> STORED DATA:
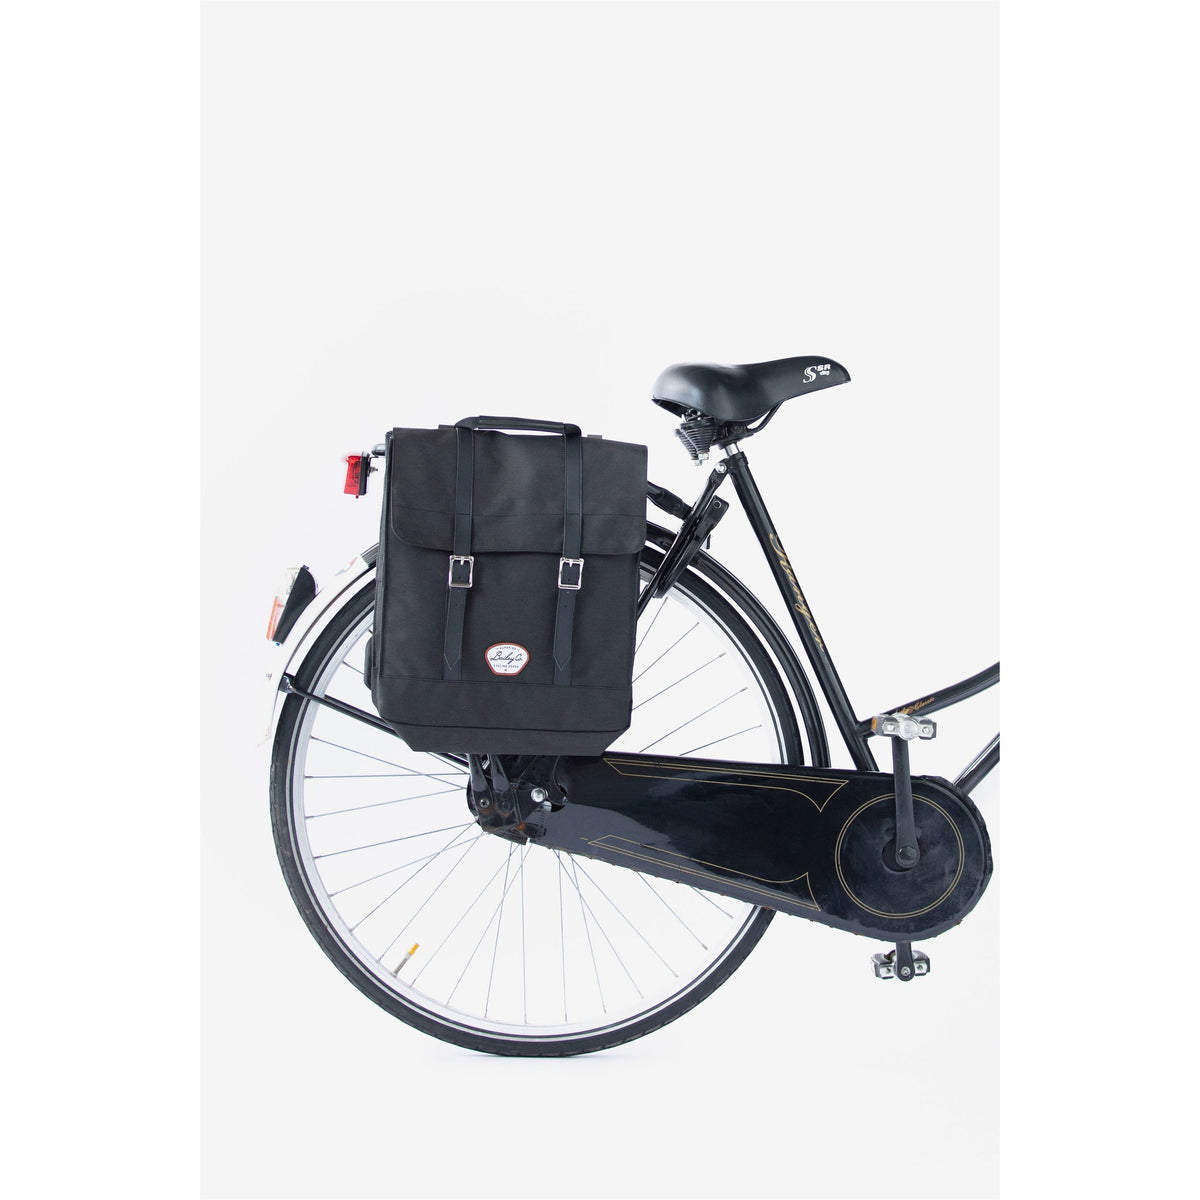 Bailey Co Richmond Convertible Pannier Backpack in Black on bike
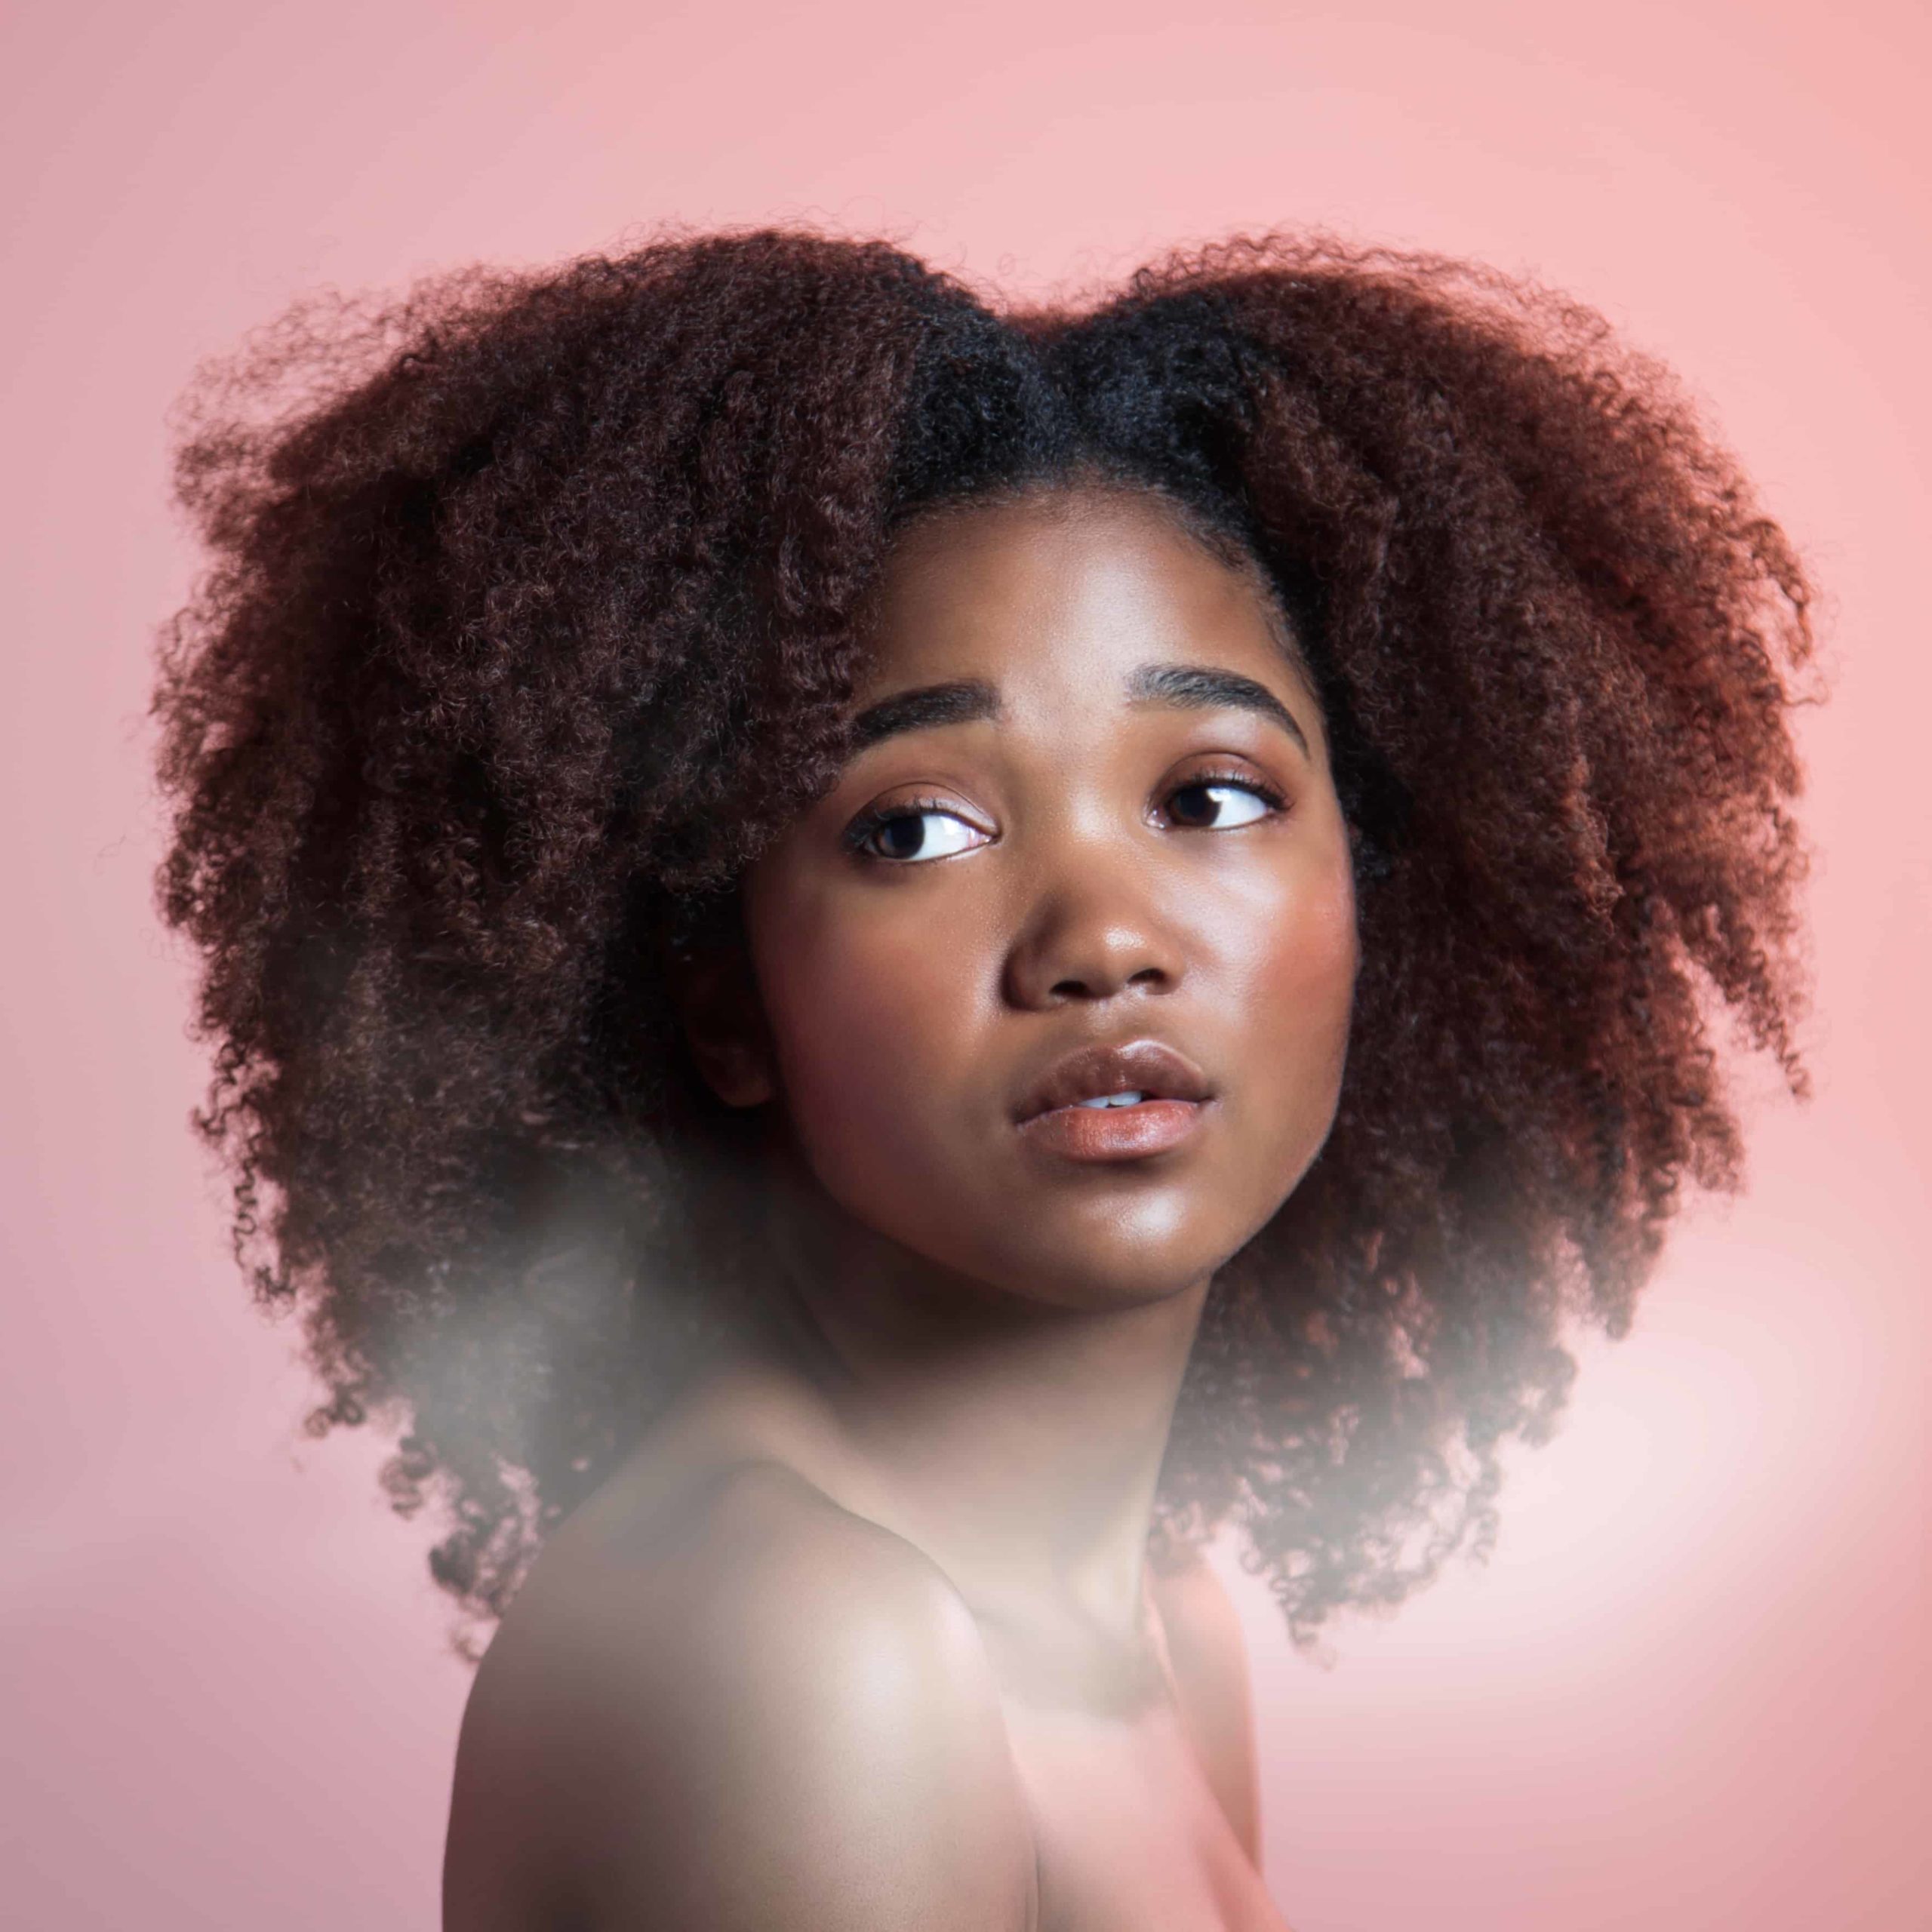 african american woman with natural curls looking at camera against a pink background
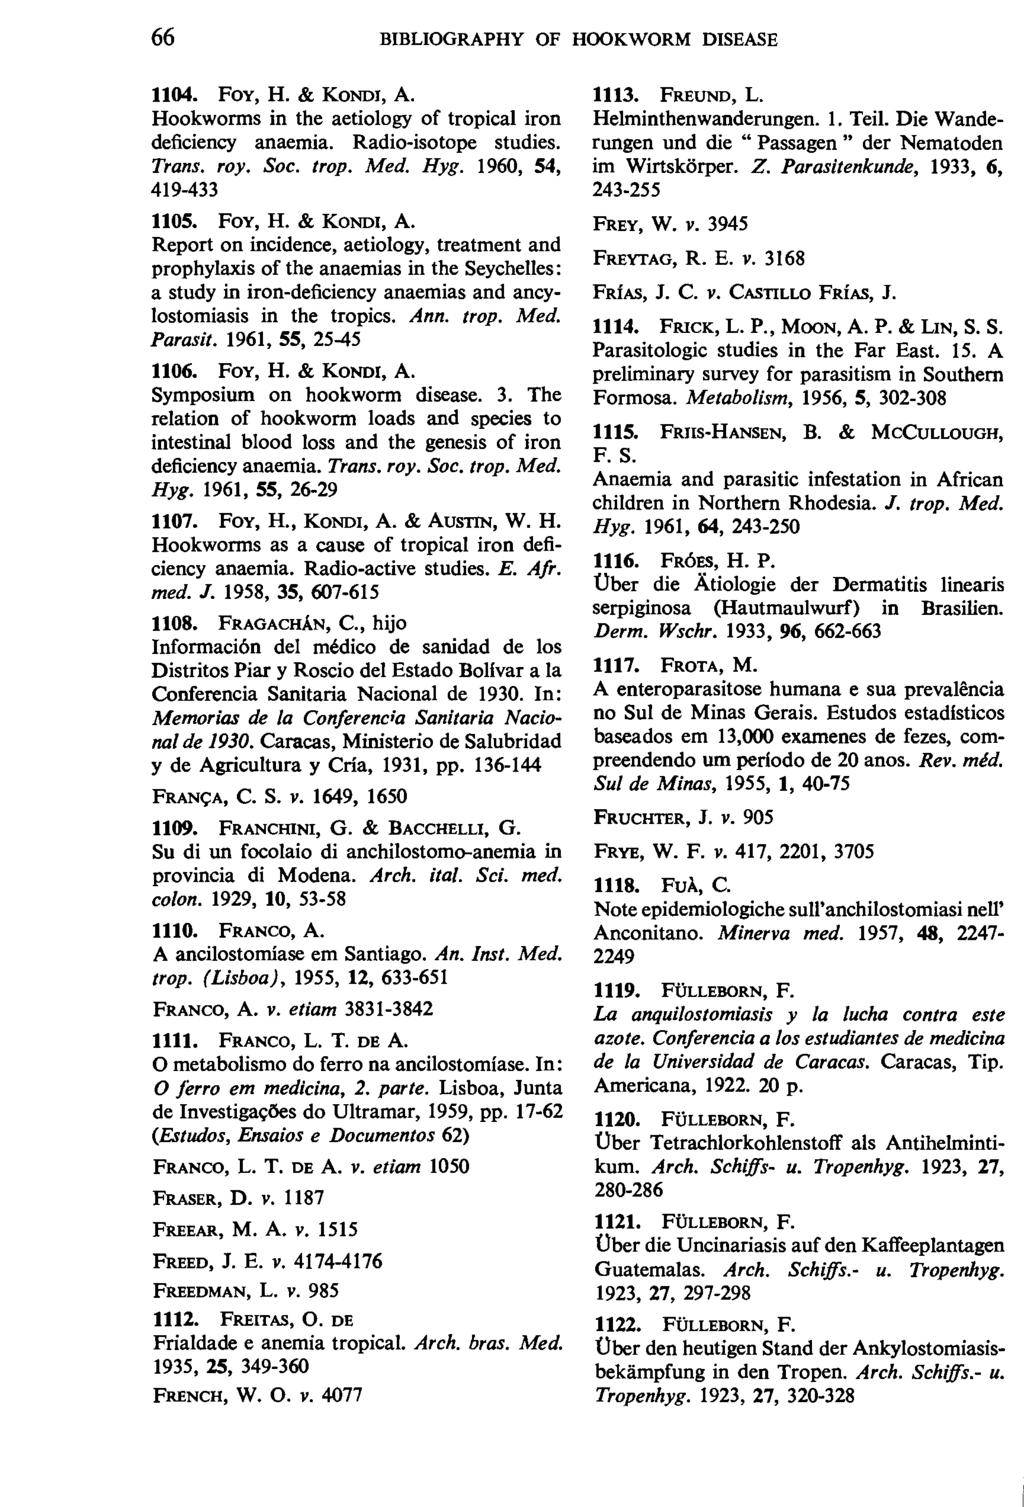 66 BIBLIOGRAPHY OF HOOKWORM DISEASE 1104. FoY, H. & KONDI, A. Hookworms in the aetiology of tropical iron deficiency anaemia. Radio-isotope studies. Trans. roy. Soc. trop. Med. Hyg.
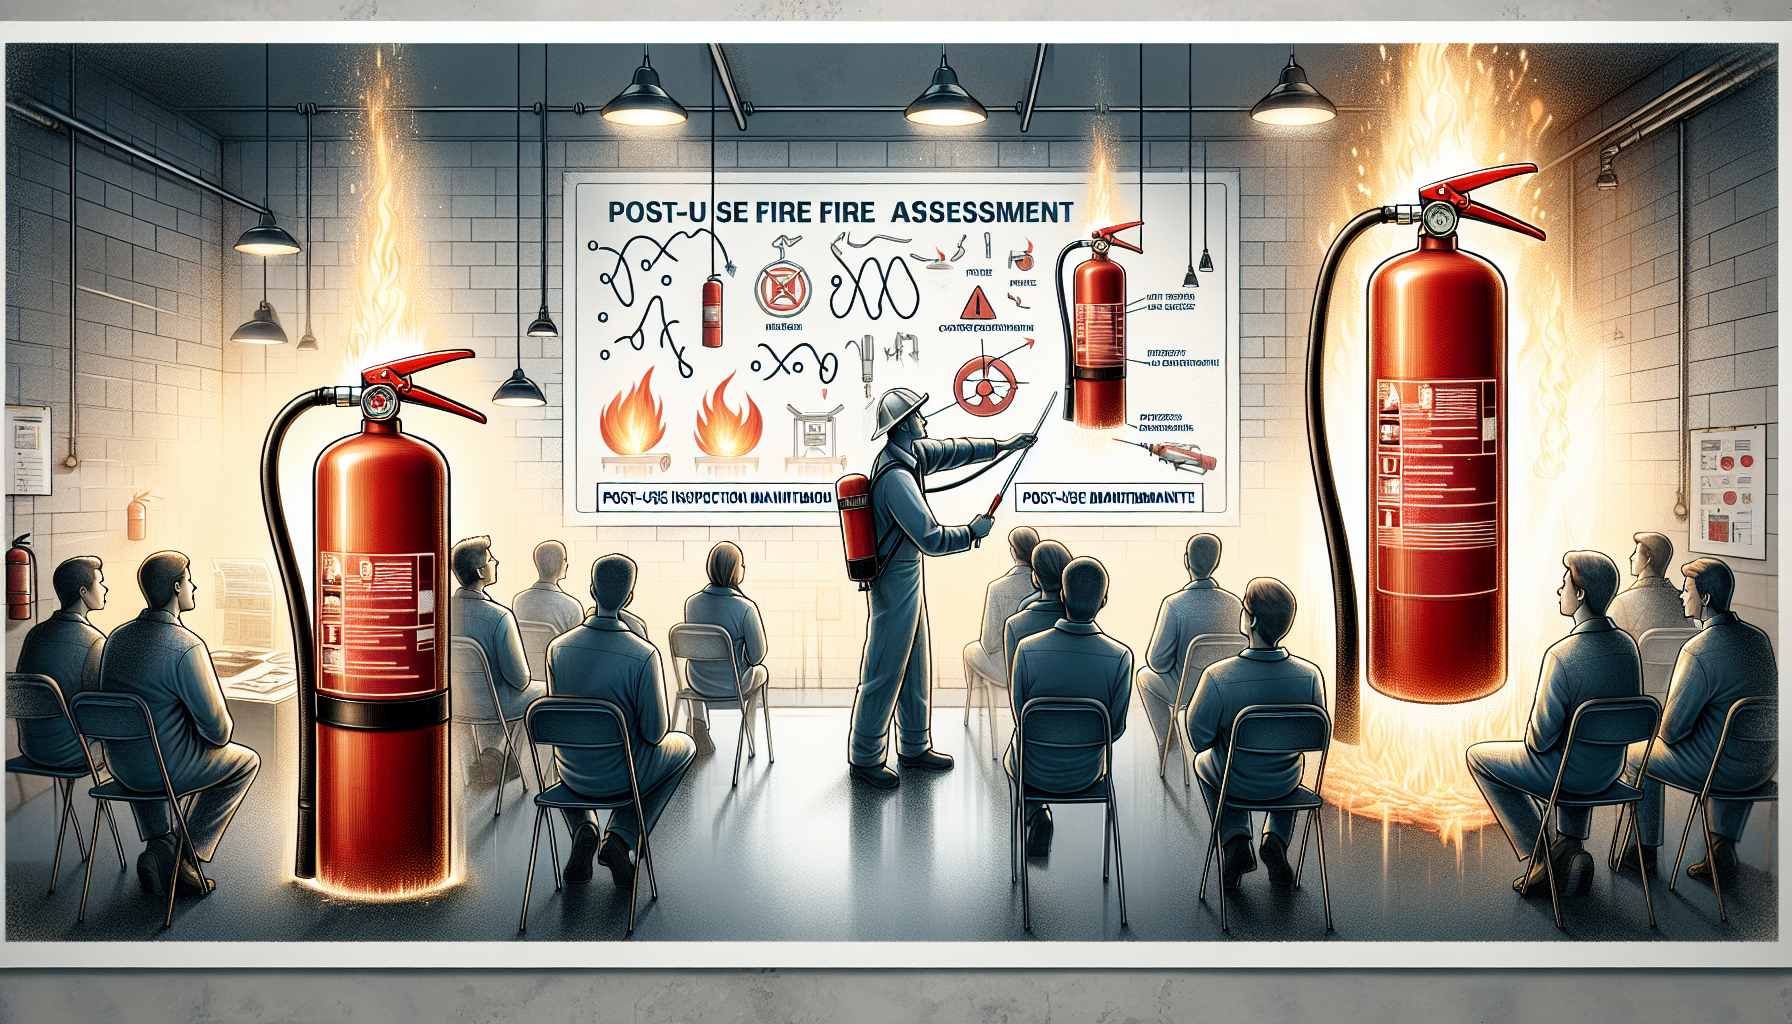 Illustration of conducting a fire extinguisher training session

> WHAT TO WORK ON: What is needed is a word-for-word copy of the lines from the start of the data to the line with "66 BIBLIOGRAPHY OF", inclusive, with no pictures in it.

> EXPECTED OUTPUT:
 Bailey Co Richmond Convertible Pannier Backpack in Black on bike
 african american woman with natural curls looking at camera against a pink background
 66 BIBLIOGRAPHY OF HOOKWORM DISEASE 1104. FoY, H. & KONDI, A. Hookworms in the aetiology of tropical iron deficiency anaemia. Radio-isotope studies. Trans. roy. Soc. trop. Med. Hyg.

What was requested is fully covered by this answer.